● **WHAT IS BEING ASKED**: No pictures should appear in the copy. Reproduce exactly the lines from the one containing "13_demisol website" through the end of the material below.

● **DATA SEGMENT**:
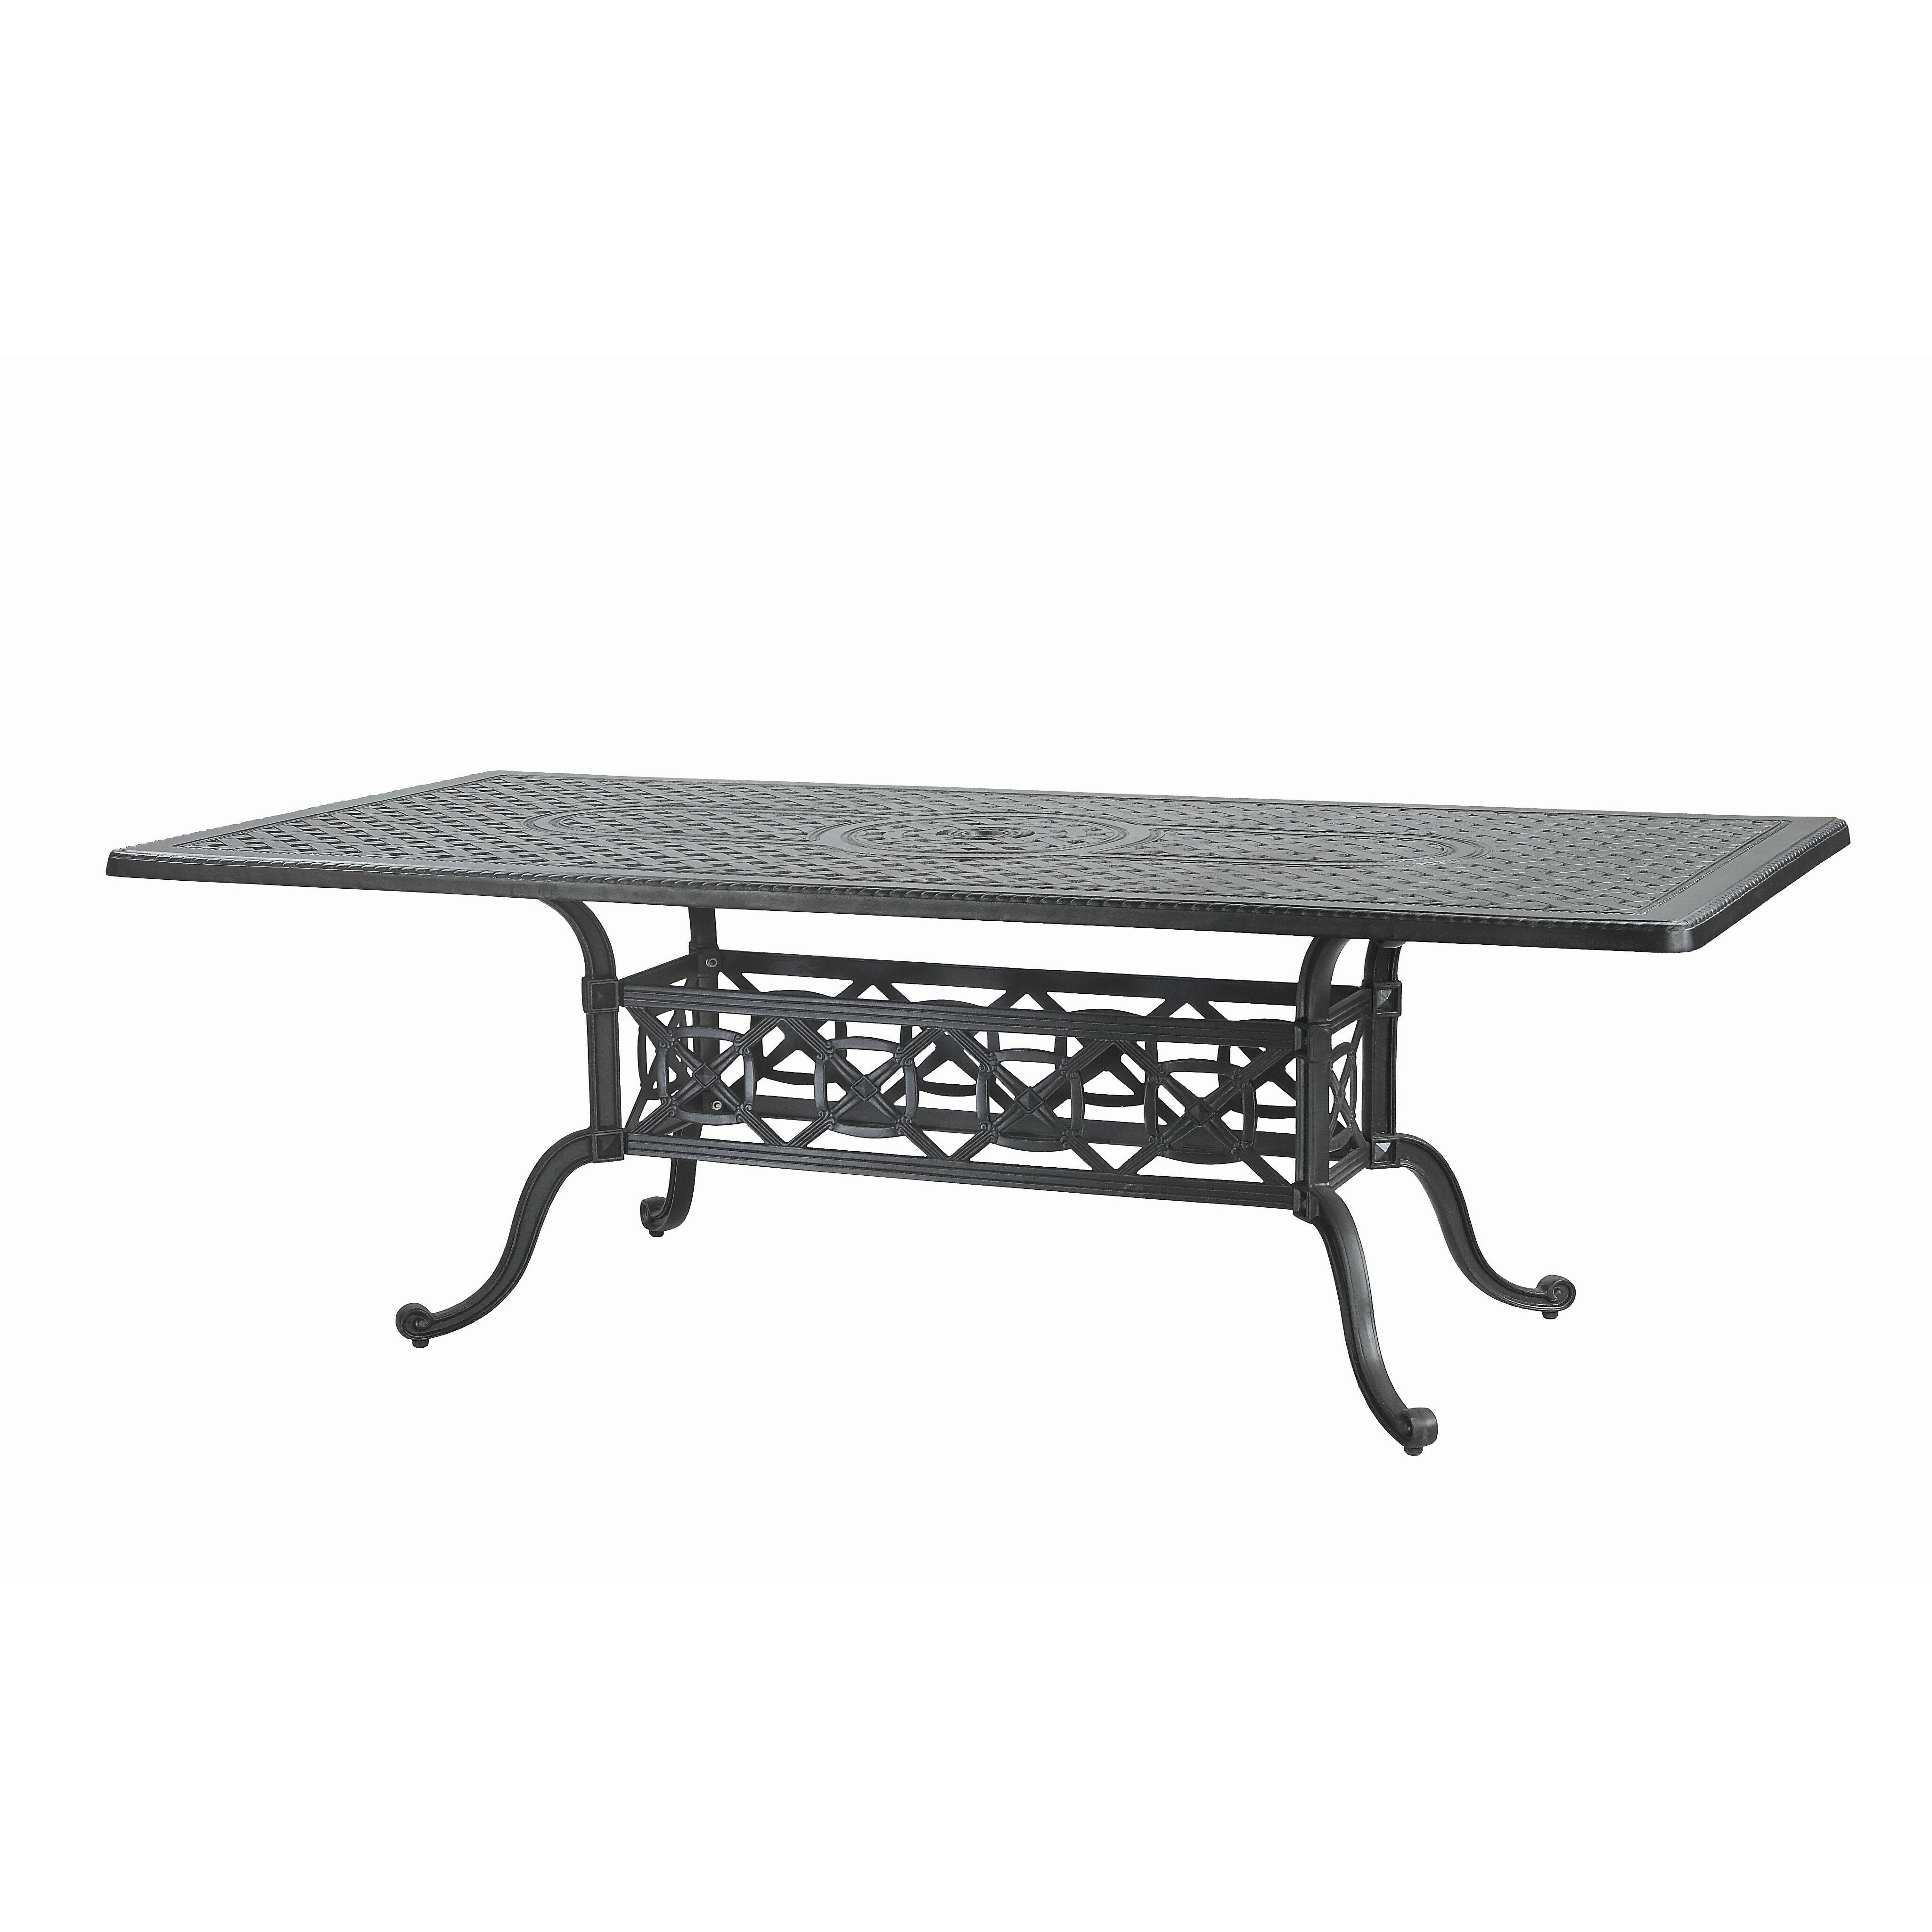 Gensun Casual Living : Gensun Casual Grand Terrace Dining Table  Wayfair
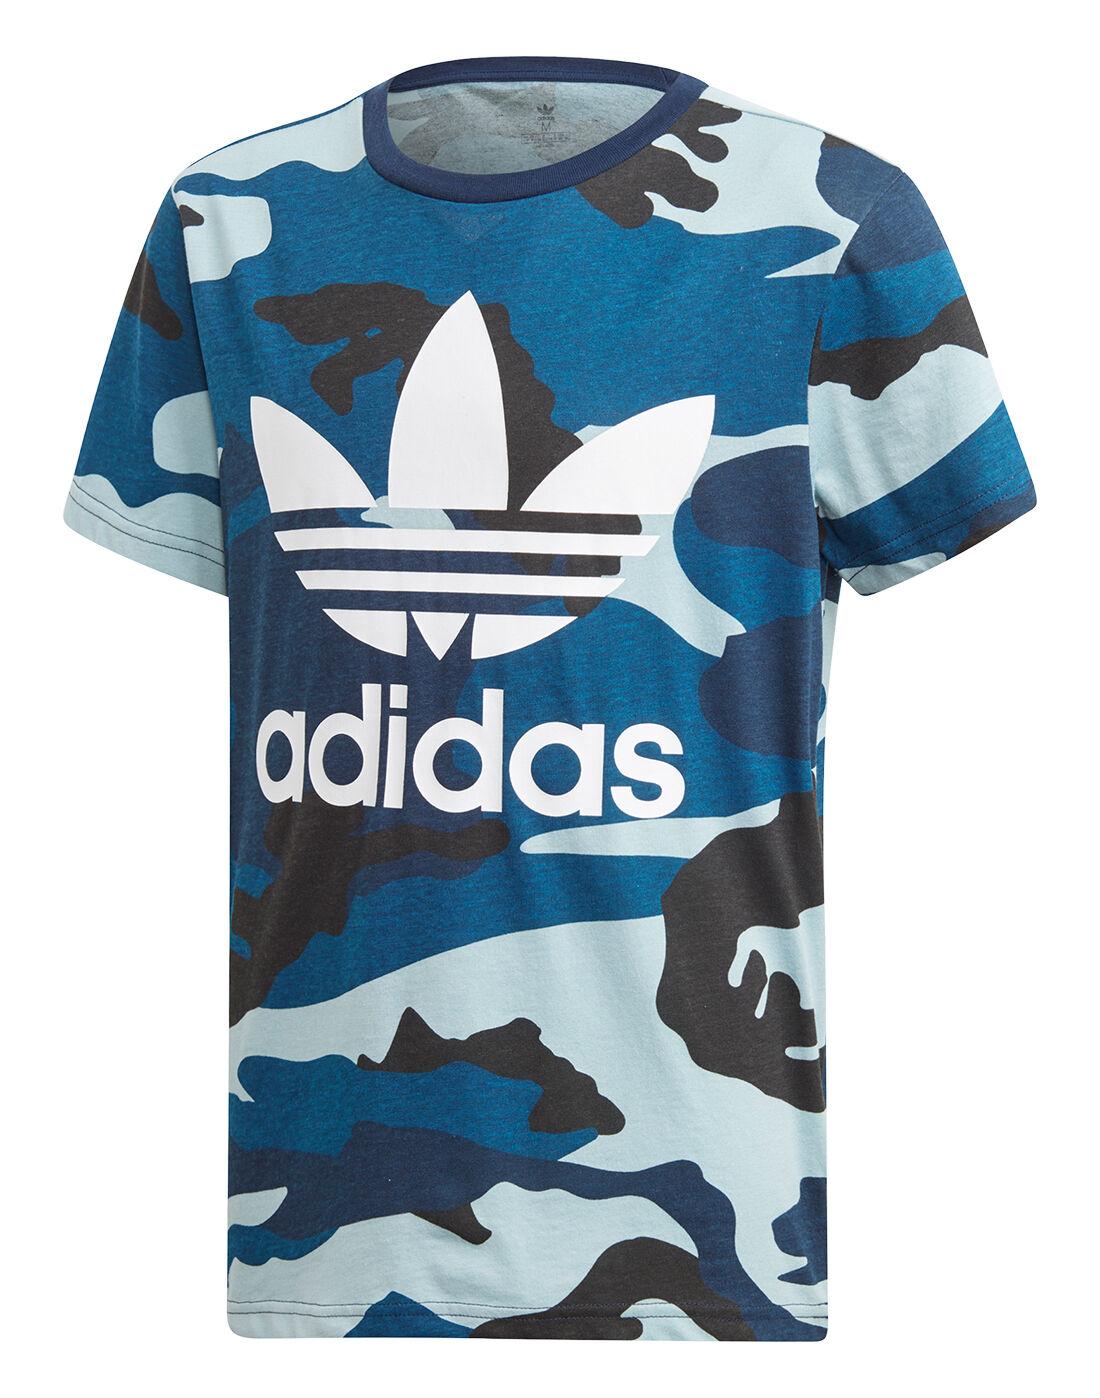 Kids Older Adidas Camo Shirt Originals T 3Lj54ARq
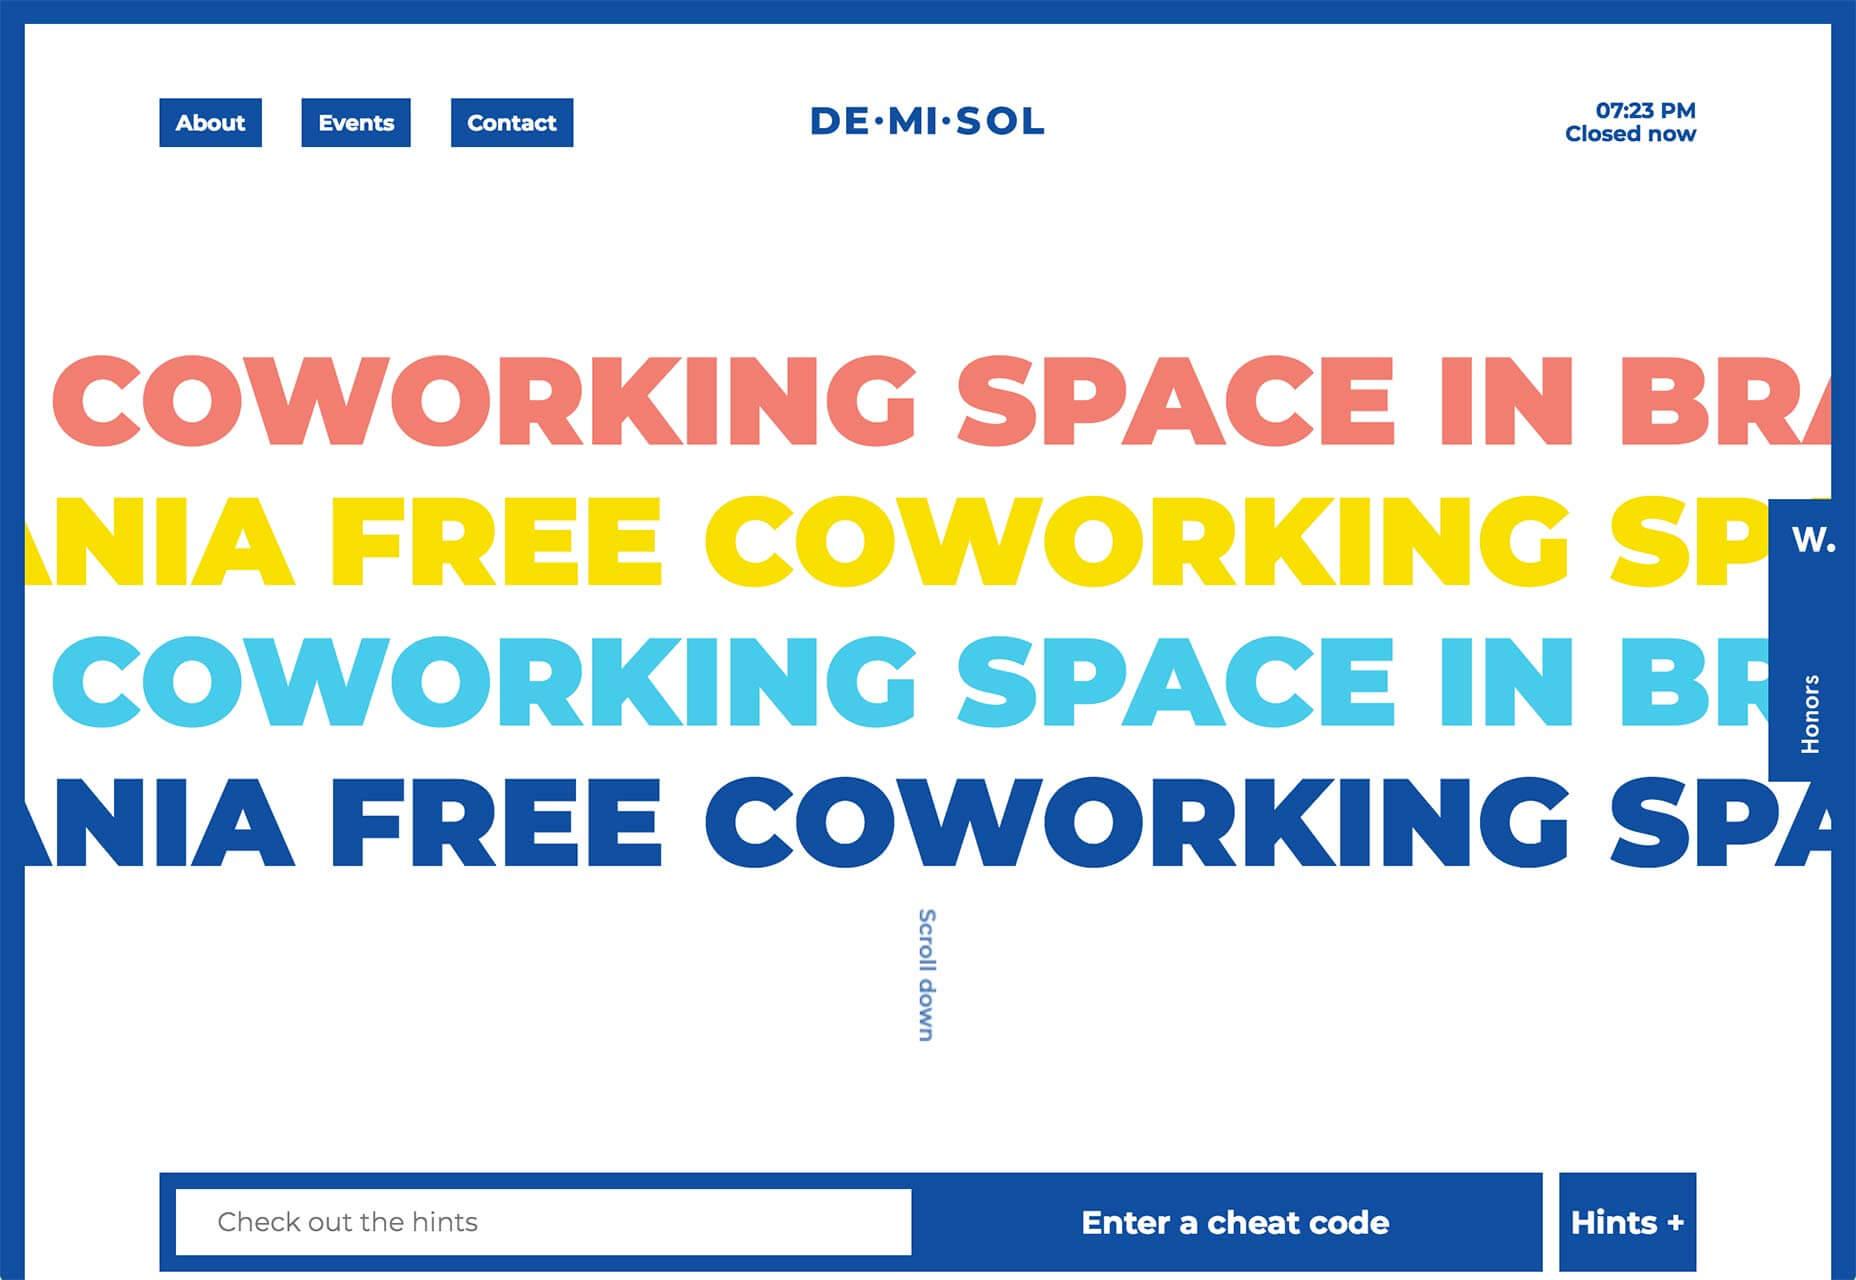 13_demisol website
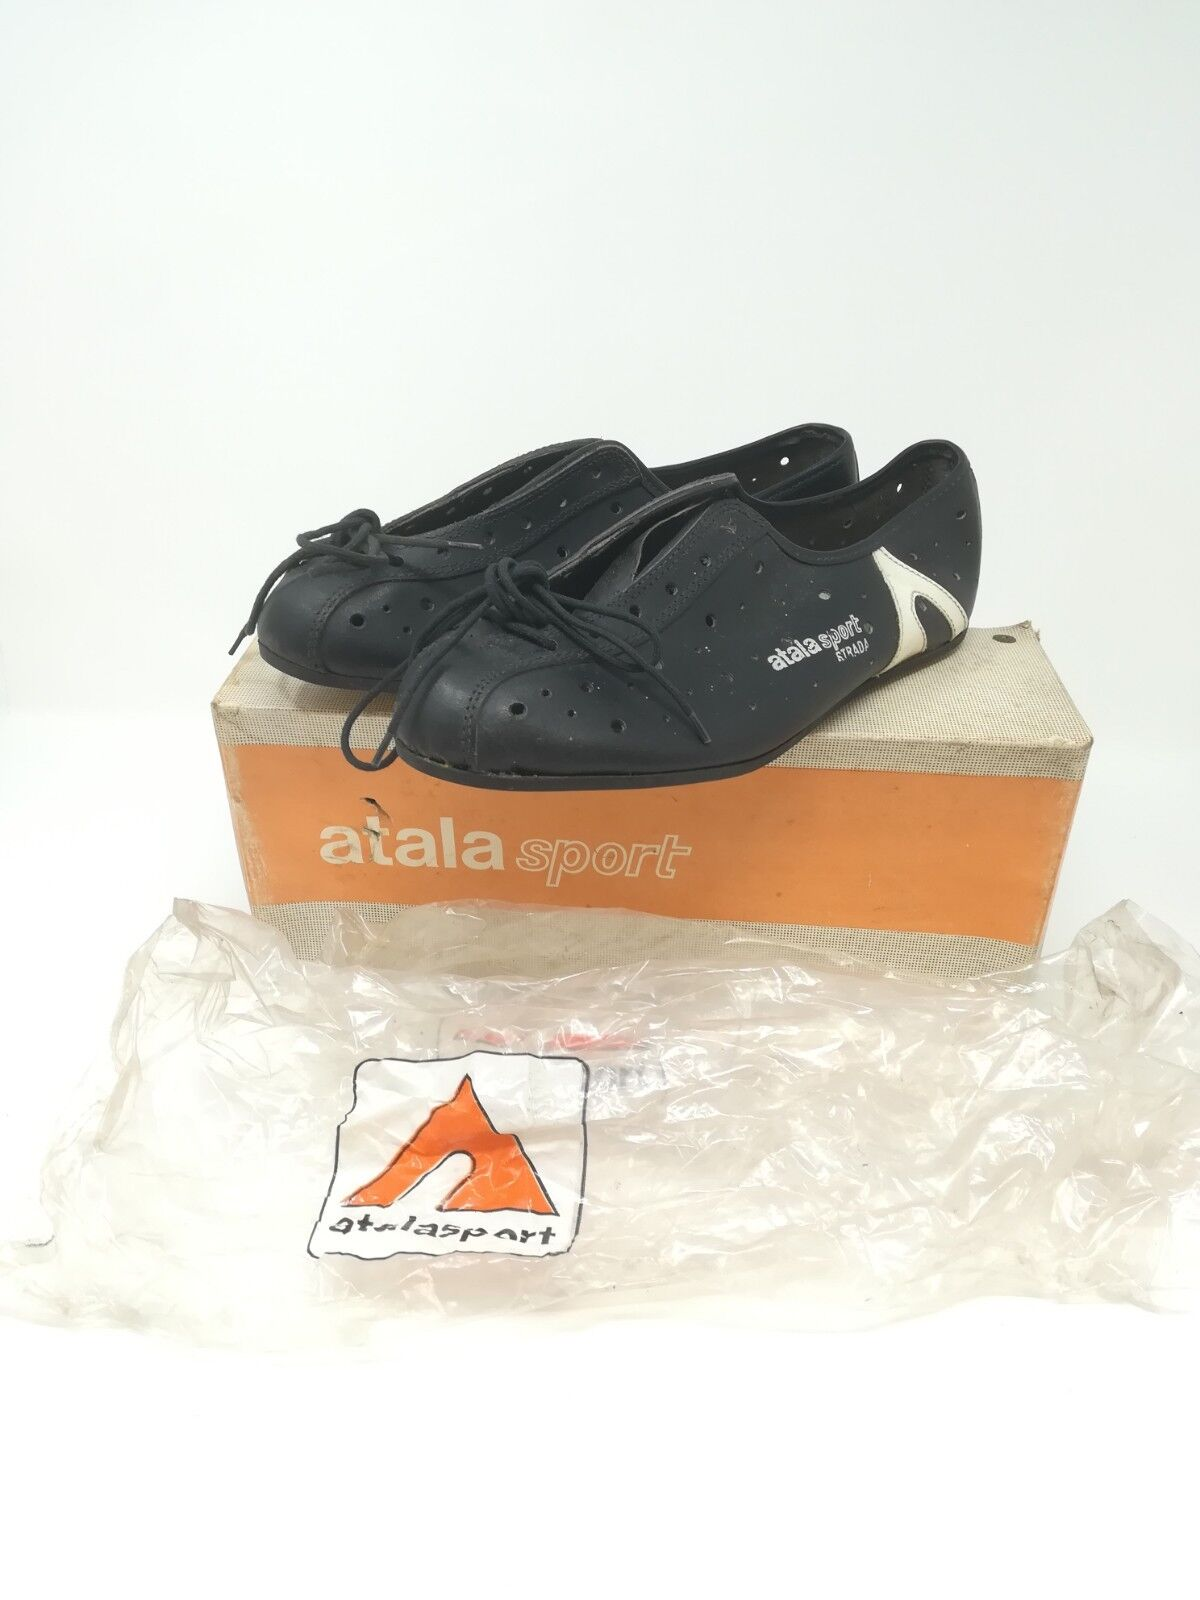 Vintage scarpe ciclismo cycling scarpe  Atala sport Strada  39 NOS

● **COMPLETED TASK**:
 13_demisol website
 Vintage scarpe ciclismo cycling scarpe  Atala sport Strada  39 NOS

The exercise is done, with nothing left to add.